═════ INFORMATION SHOWN ═════
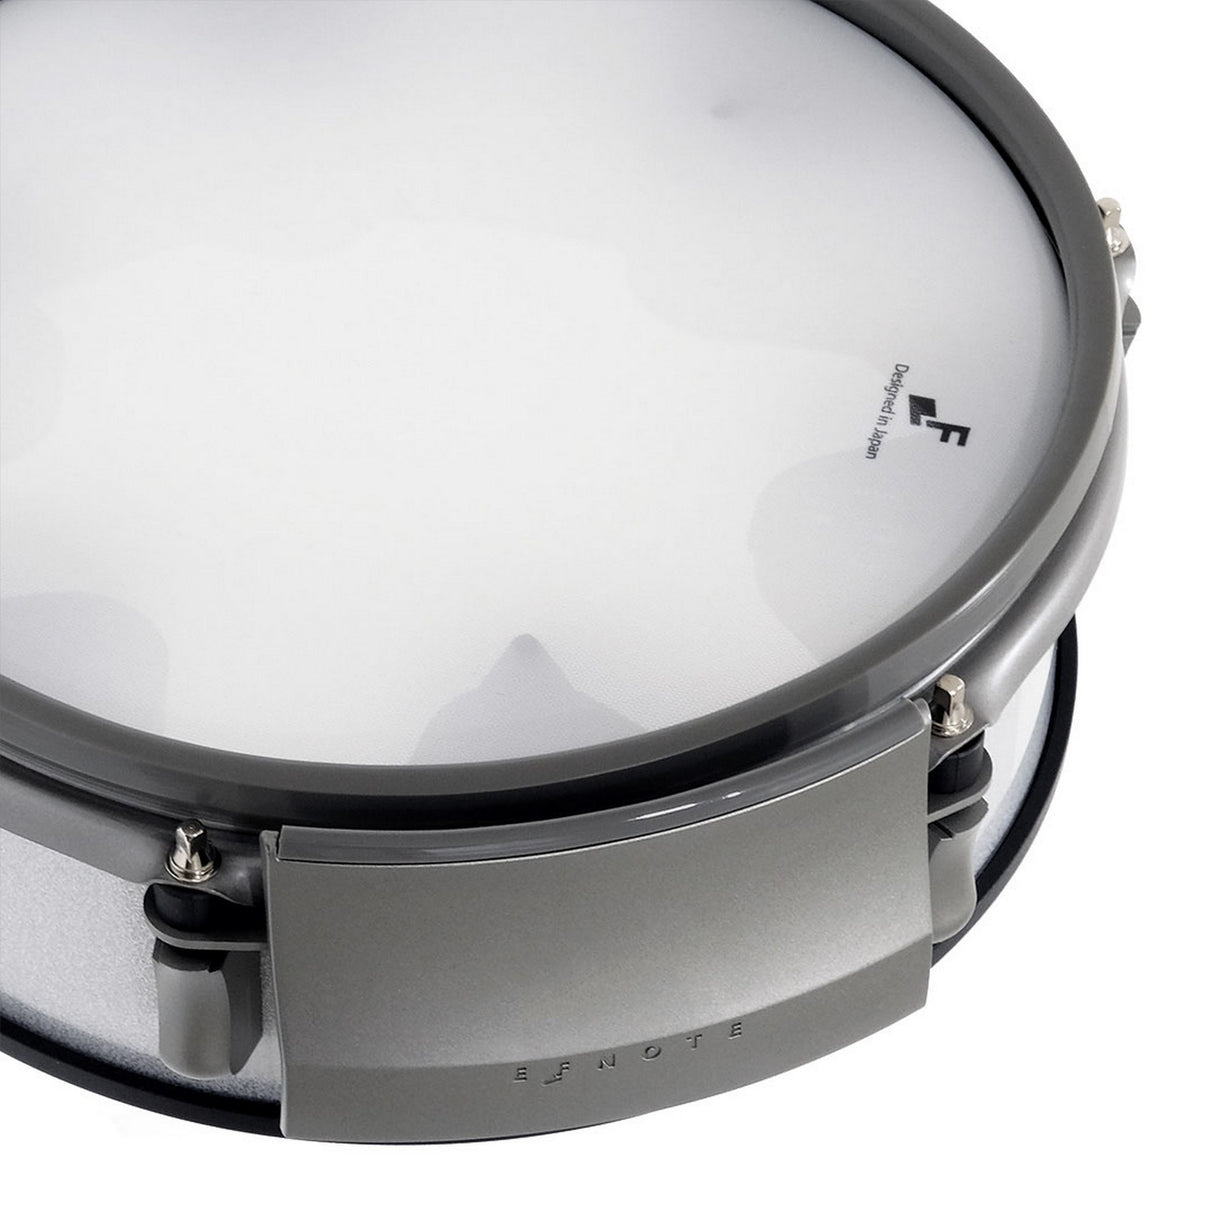 EFNOTE 3 Acoustic Designed Electronic Drum Set, White / Sparkle
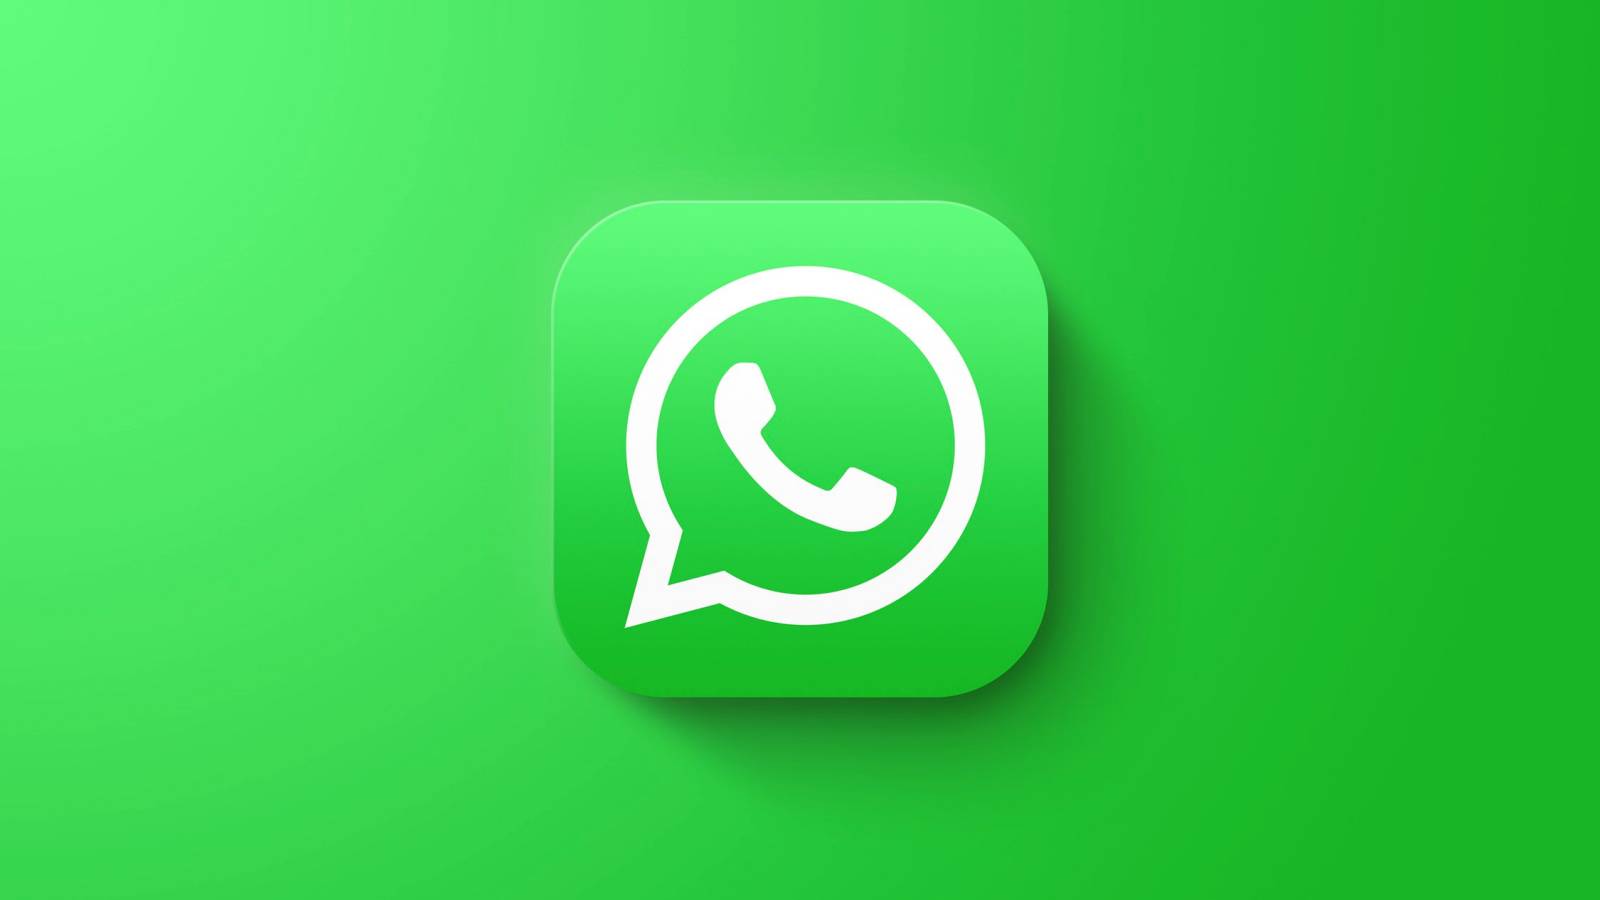 WhatsApp iPhone Android Noua Schimbare SECRETA Aplicatie
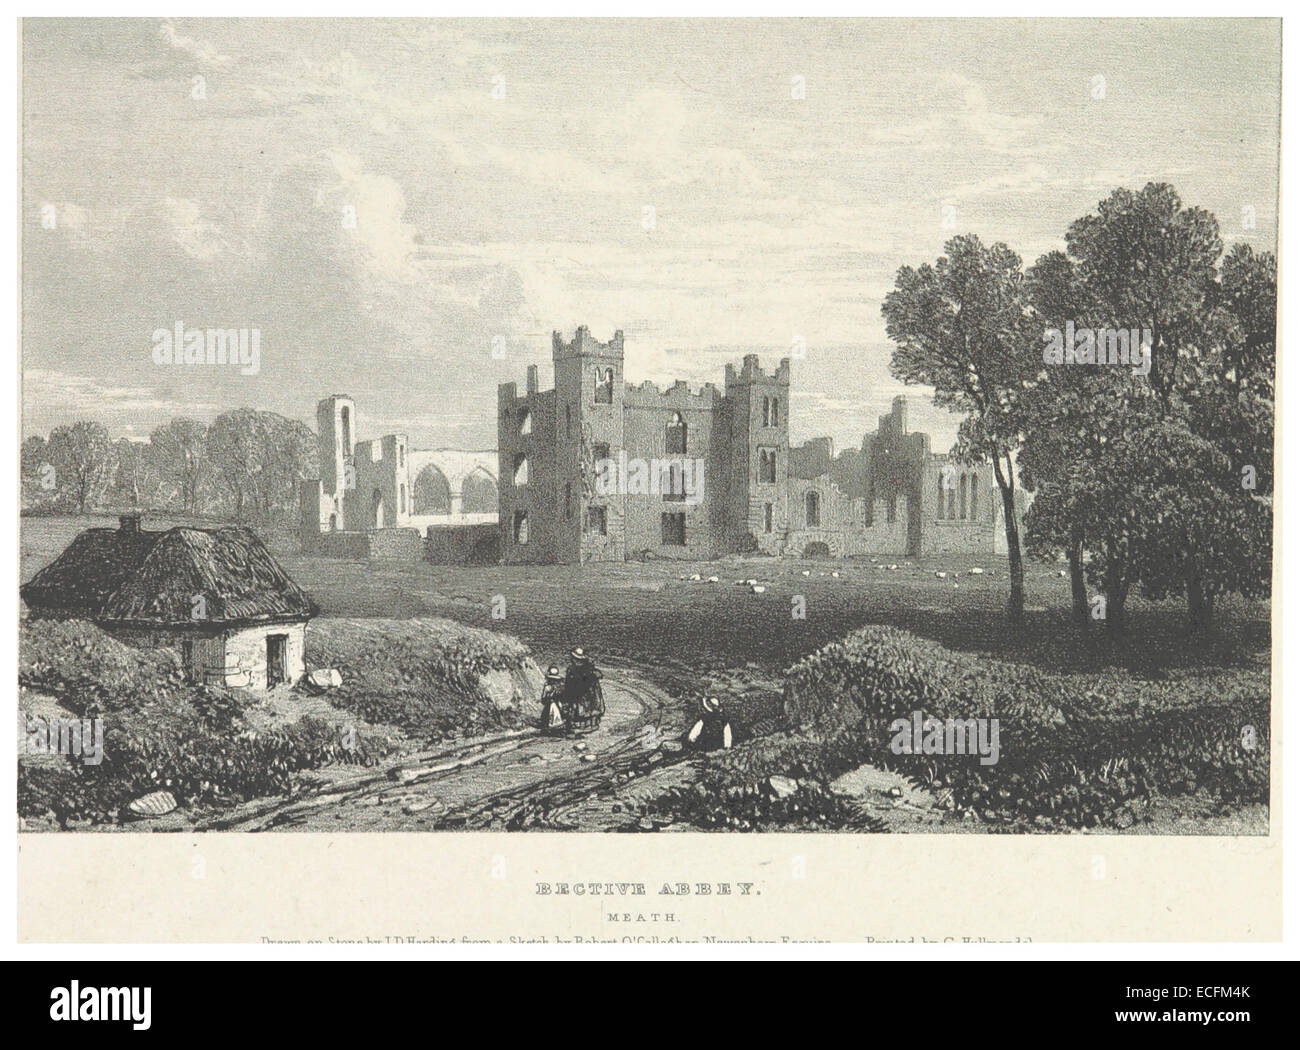 NEWENHAM(1830) p199 MEATH - BECTIVE ABBEY Stock Photo - Alamy
═════
- _WORK REQUEST_
Drop the pictures and reproduce the rest of the data exactly.

- _EXERCISE SOLUTION_
 EFNOTE 3 Acoustic Designed Electronic Drum Set, White / Sparkle
 WhatsApp iPhone Android Noua Schimbare SECRETA Aplicatie
 NEWENHAM(1830) p199 MEATH - BECTIVE ABBEY Stock Photo - Alamy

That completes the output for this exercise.